The new palaces supplied the perfect backdrop for that lamentably short period of upbeat nationalism during which Brazil, under the leadership of the idolized President Kubitschek, appeared to be overcoming its backwardness and relative unimportance once and for all. Yet even a brief visit to Brasilia is enough to expose certain weaknesses in the city built from scratch. Writing just recently, Harper’s Magazine columnist Benjamin Moser was damning in his verdict on Niemeyer’s monumental buildings: “Except for the elegant Foreign Ministry, none offers anything beyond a startled first impression. There is nothing to see, no reason to linger. Once you have seen the postcard, you have seen the building.” The schematic row of uninspired hotels lining the Eixo Monumental in his eyes is no more capable of acquiring a distinctive identity than it is of arousing interest. The strict separation of functions envisaged in the Plano Pilôto has prevented the emergence of mixed-use urban spaces and given rise to traffic problems of gigantic proportions – especially since almost all of those who flocked to the rapidly growing capital had to settle in far-away satellite towns. “Brasilia’s difficulty lies in its self-imposed fetters,” complained Sigfried Giedion as early as 1960. One such “fetter” was the target population of half a million inhabitants underlying the plans: “The factor of the unforeseen cannot be disregarded,” he cautioned, “especially not in urban planning.” Brasilia today together with its many satellite towns already has a population of 2.5 million. Yet most candangos – as the people of Brasilia are known – seem perfectly adapted to their test-tube city. If the famous Brazilian writer Clarice Lispector is to be believed, the new capital has even spawned a new species of human: “Brasilia is artificial. As artificial as the world must have been when it was created. When the world was created, it was necessary to create a human being especially for that world”.
Burri’s View of Brasilia
Unlike now, when the verdicts range from the intrigued to the dismissive, the media of the day hailed Brasilia as a triumph and there can be no doubt that it was above all the photographers who turned the brand-new city into a worldwide media event. Photo-journalism in high-circulation magazines became far more than a mere service; on the contrary, it was “the undisputed ruler in the realm of photography,” as Gasser put it in Burri’s “El gaucho” edition of Du: “All the great photographers of the younger generation are at the same time reporters and see photojournalism in grand style as their ultimate calling, the true purpose of their work.” Little wonder, therefore, that NOVACAP in January 1957 launched its own lavishly illustrated magazine Brasilia in order to market the development of the construction site littered with state-of-the-art machinery for as long as possible.” NOVACAP even engaged its own photographer, the aircraft engineer Mário Fontanelle (1919-1986), whom President Kubitschek had taken a particular shine to. Fontanelle was the author of the magical aerial shots of the Plano Pilôto’s main intersection scored by bulldozers into the highland plateau. While Niemeyer engaged a personal friend of his, the French photographer Marcel Gautherot (1910-1996), numerous magazines and agencies dispatched photographers of their own to capture the genesis of Brasilia on film, among them Alberto Ferreira, Thomaz Farkas, Jean Mazon, Peter Scheier, and of course René Burri for Magnum – each of whom naturally had his own angle on the city.”

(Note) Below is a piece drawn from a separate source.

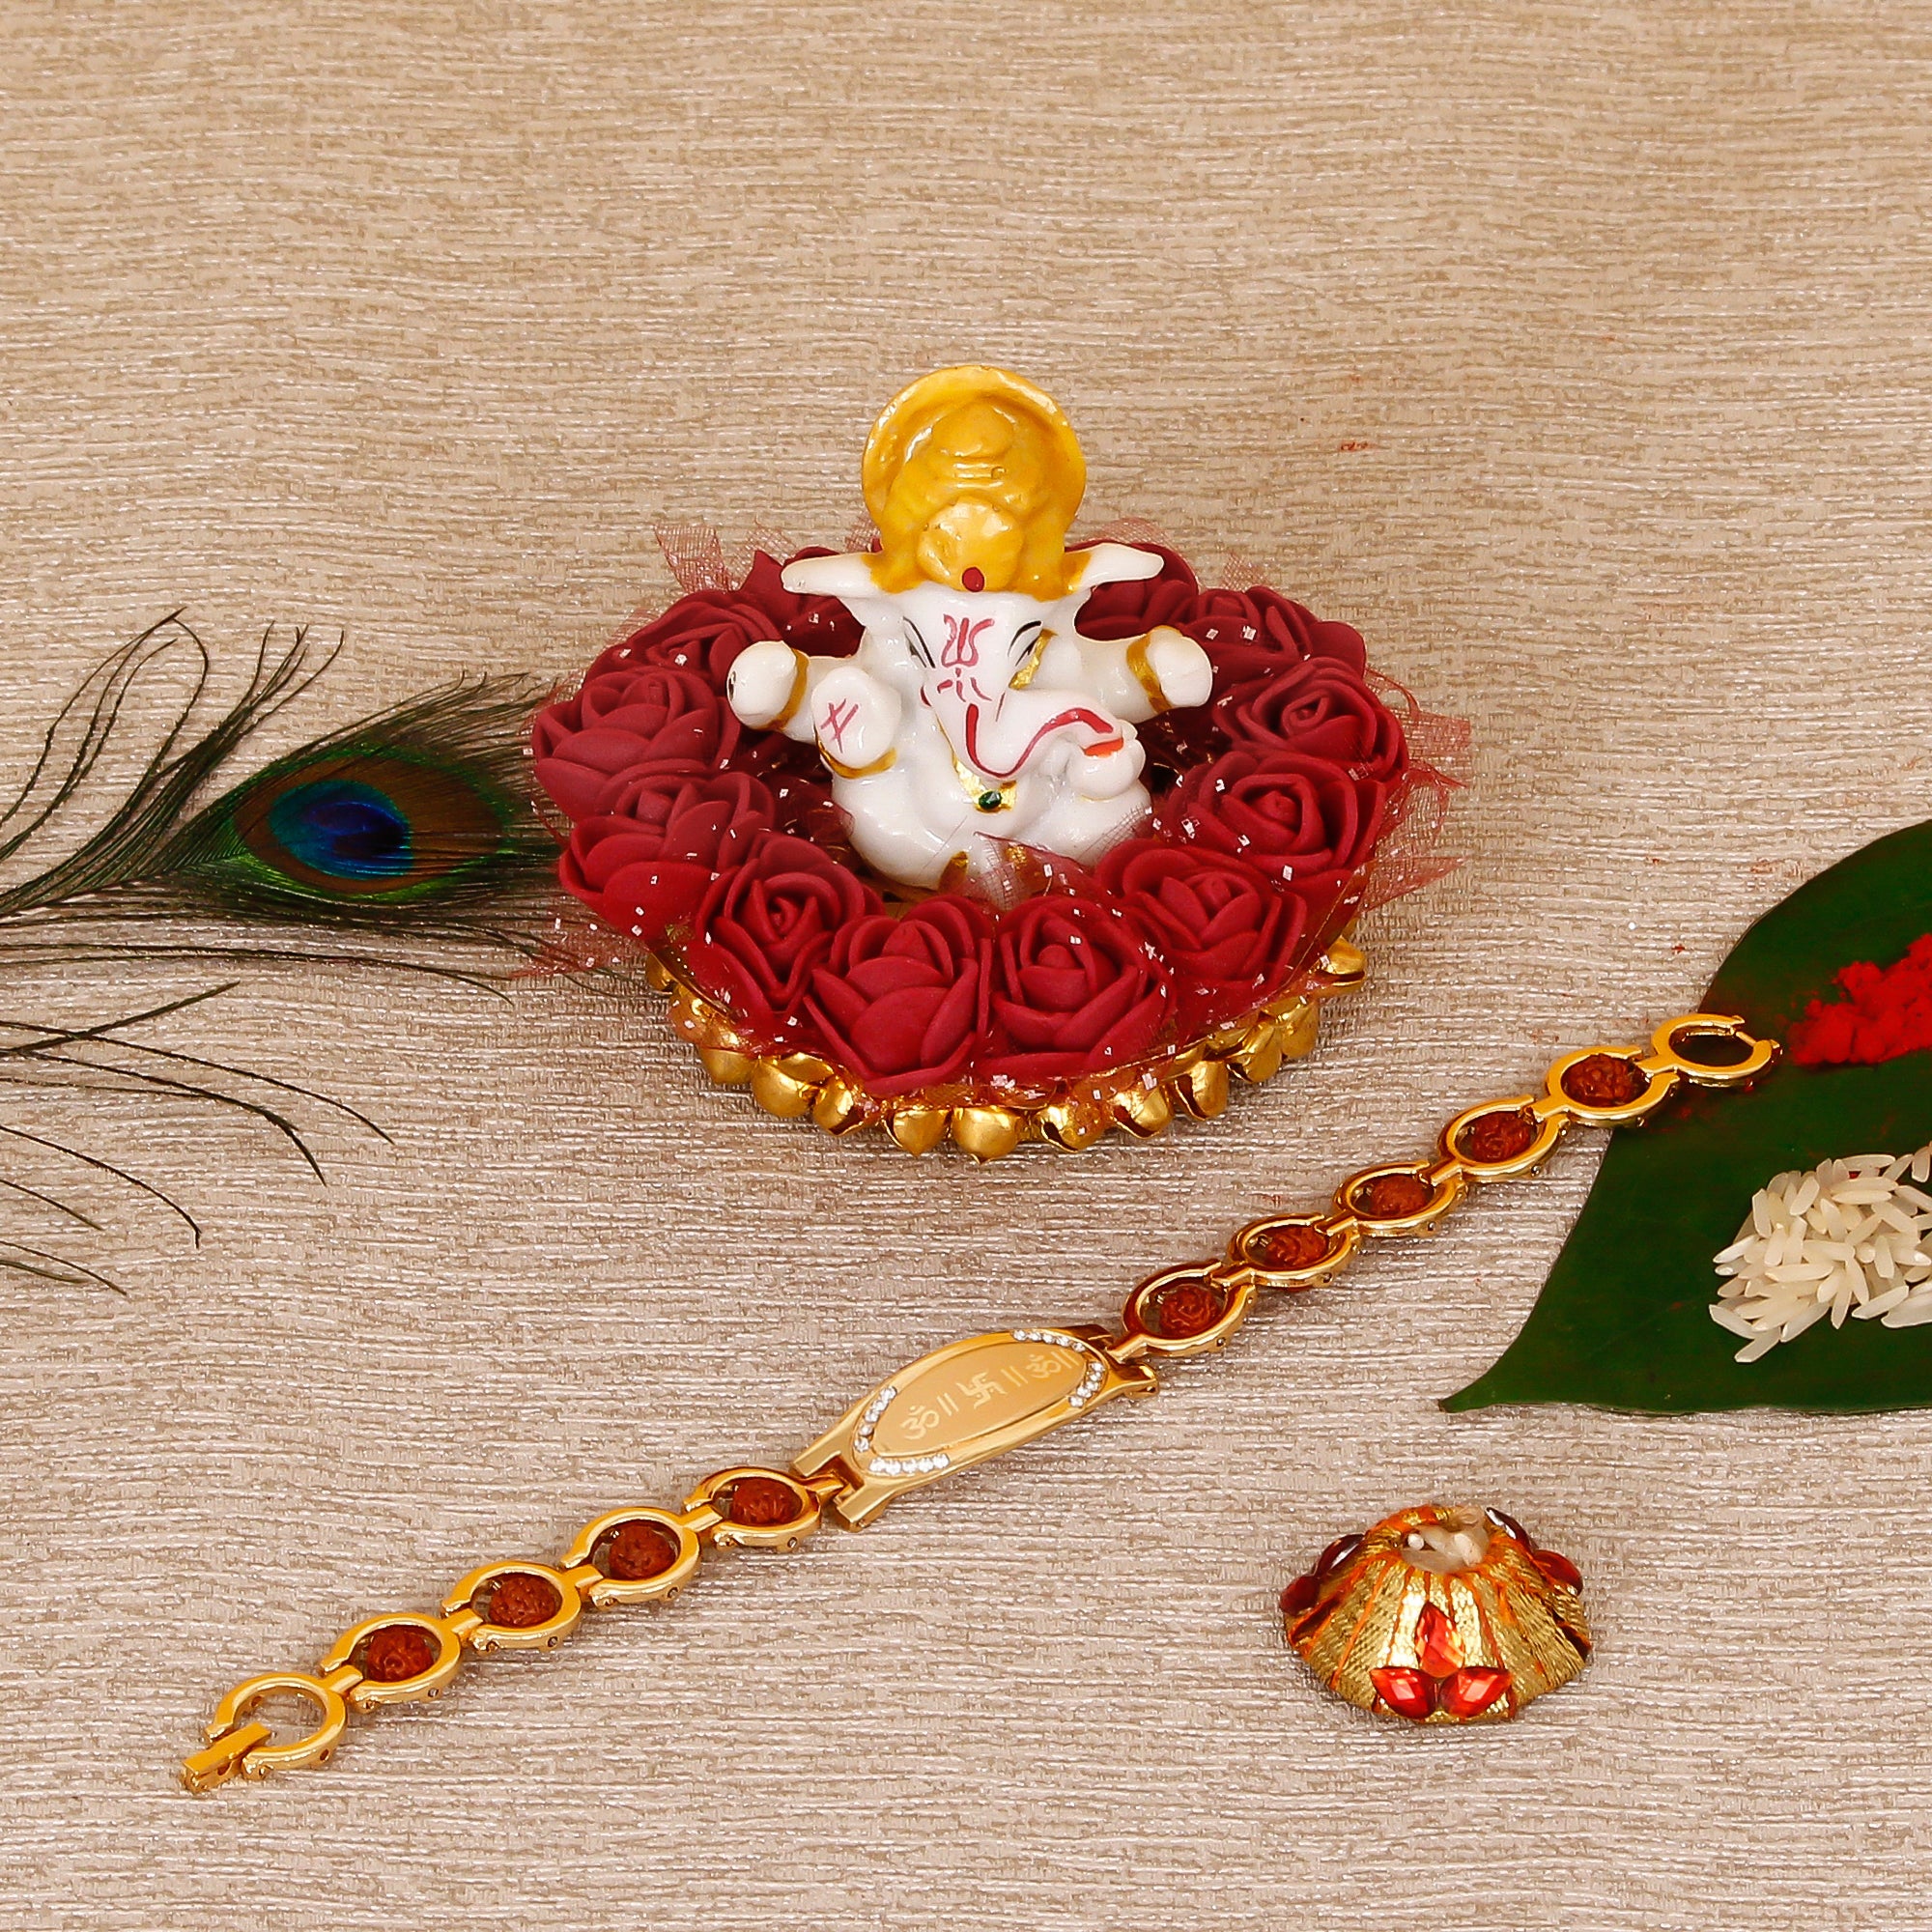 Designer Bracelet Religious Rakhi with Lord Ganesha Idol on Decorative Plate for Car & Home and Roli Tikka Matki

"Symbolism was part of Brasilia's history right from the start, but symbolism alone was nothing without monumentality, sentimentality, and kitsch. Burri was not afraid of turning the spotlight on this explosive combination"
While Burri, who was a generation younger than Gautherot, represented what Gasser called “photojournalism in grand style,” the Frenchman who had been working in Brazil since 1939 delivered sharply drawn, perfectly composed architectural photographs, in which people often look like hired extras. Thus his work is very much in the spirit of his contemporaries Julius Shulman and Ezra Stoller, the two great chroniclers of North American architecture. Possibly the most exciting of his iconic photos, however, show the steel skeletons of the unfinished ministries and the Secretariat as little more than a blurred backdrop rising up out of the dust like a shimmering Fata Morgana, while the brightly lit lunarscapes in the foreground with their mounds of sand crawling with workers are sharply in focus. The pathos of these images reminds Kenneth Frampton of the films of Socialist Realism. And Gautherot used a variety of techniques to make them more expressive still, among them fragmentation and concentration on material textures or on the contrast between areas of light and shade. Yet he never strayed as far from documentary photography as did Lucien Hervé, who in those same years was translating Le Corbusier’s government buildings in Chandigarh into black-and-white compositions so abstract as to be scarcely localizable at all.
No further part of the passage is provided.